8 de enero. Se cumplen 16 días desde mis primeros síntomas. Acudo a hacerme la prueba de anticuerpos. A las 15:00 horas me entero: he desarrollado anticuerpos HgG y ya no está activo el bicho en mí, según R, una valiente doctora de primera línea frente al Covid que me ha ayudado durante este proceso. Bajo en silencio las escaleras. Ela, mi hija, me observa. ¿Todo bien, Papi? Ven, te tengo que decir algo, le digo. Se acerca con reservas. Ha aprendido en estos días que no tiene que aproximarse a mí. Me quito el cubrebocas y salto a su lado. La tomo de los brazos, le doy vueltas y vueltas. La aprieto a mí como si con ese acto conociera la verdad. No puedo evitar las lágrimas. Mi hija es muy expresiva. Grita, agradece a un Dios que imagino con cara de Baby Yoda. Después voy con el enano, Bruno. Giramos y giramos. Su sonrisa es la cosa más enternecedora del universo. Se ríe con el estómago. Lo aprieto mucho. Después voy con V. Me fundo en ella. No tengo palabras. Le agradezco infinitamente con un abrazo y un beso en la frente. Todos reímos. Digo que hasta de lavar los trastes tengo ganas. Pongo manos a la obra.

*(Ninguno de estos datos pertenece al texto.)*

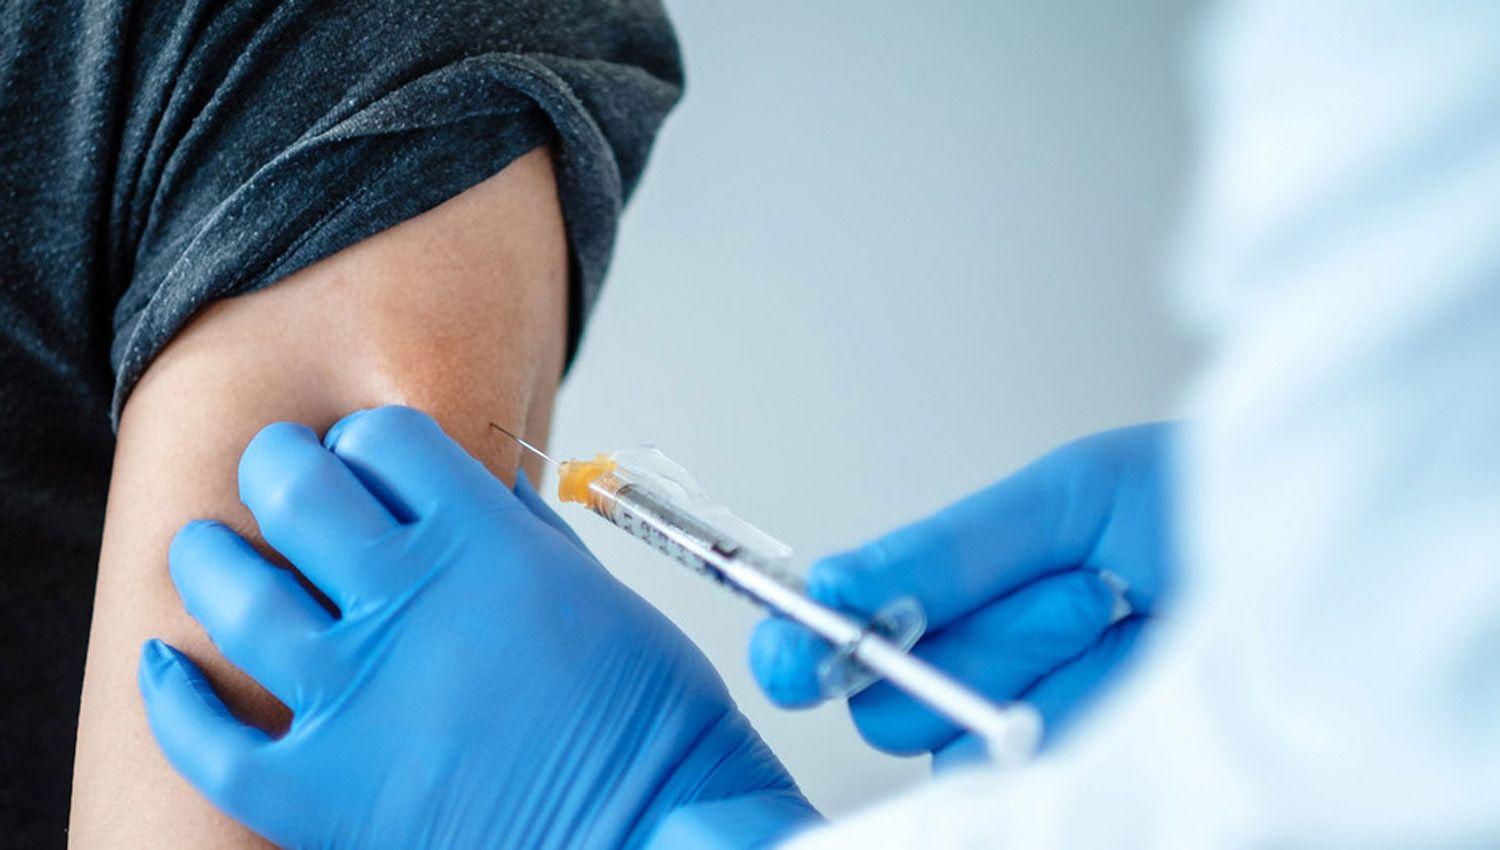 La Unioacuten Europea ldquodispuesta a discutirrdquo la liberacioacuten de las patentes de las vacunas contra el coronavirus

9 de enero. Conozco a Mila. Veo a mi hermana después de casi un mes. La que nuca sería madre hoy es la mamá más linda que puedan imaginar. Mila es más bella en vivo que en las fotos. La tomo en los brazos. Es tan pequeña y frágil. Tiene una personalidad fuerte. Parece una muñeca de porcelana. Mi hermano se ve muy mejorado. Mi madre, después de sus curaciones, sale al patio. Ela y Bruno la reciben con gritos. Es un día de tregua. Es un día muy lindo bajo el cielo.

Termino este texto el 15 de enero. Todavía me agito con facilidad. El gusto y el olfato no han regresado al 100 por ciento. Mi hermano está igual que yo en este sentido. A él le queda una tosecita y una sensación como de piquetes en el pecho. Mi madre sigue dándole cara a sus padecimientos, nosotros estamos a su lado.

Un día a la vez, así me decían, por distintos medios, muchas personas cuando estaba padeciendo la enfermedad. No hay otra manera de existir: un día y después el otro y si tenemos suerte, el siguiente.

*Iván Ballesteros Rojo (Hermosillo, 1979). Es narrador, editor y docente. Colabora con varias publicaciones. Dirige Pez Banana.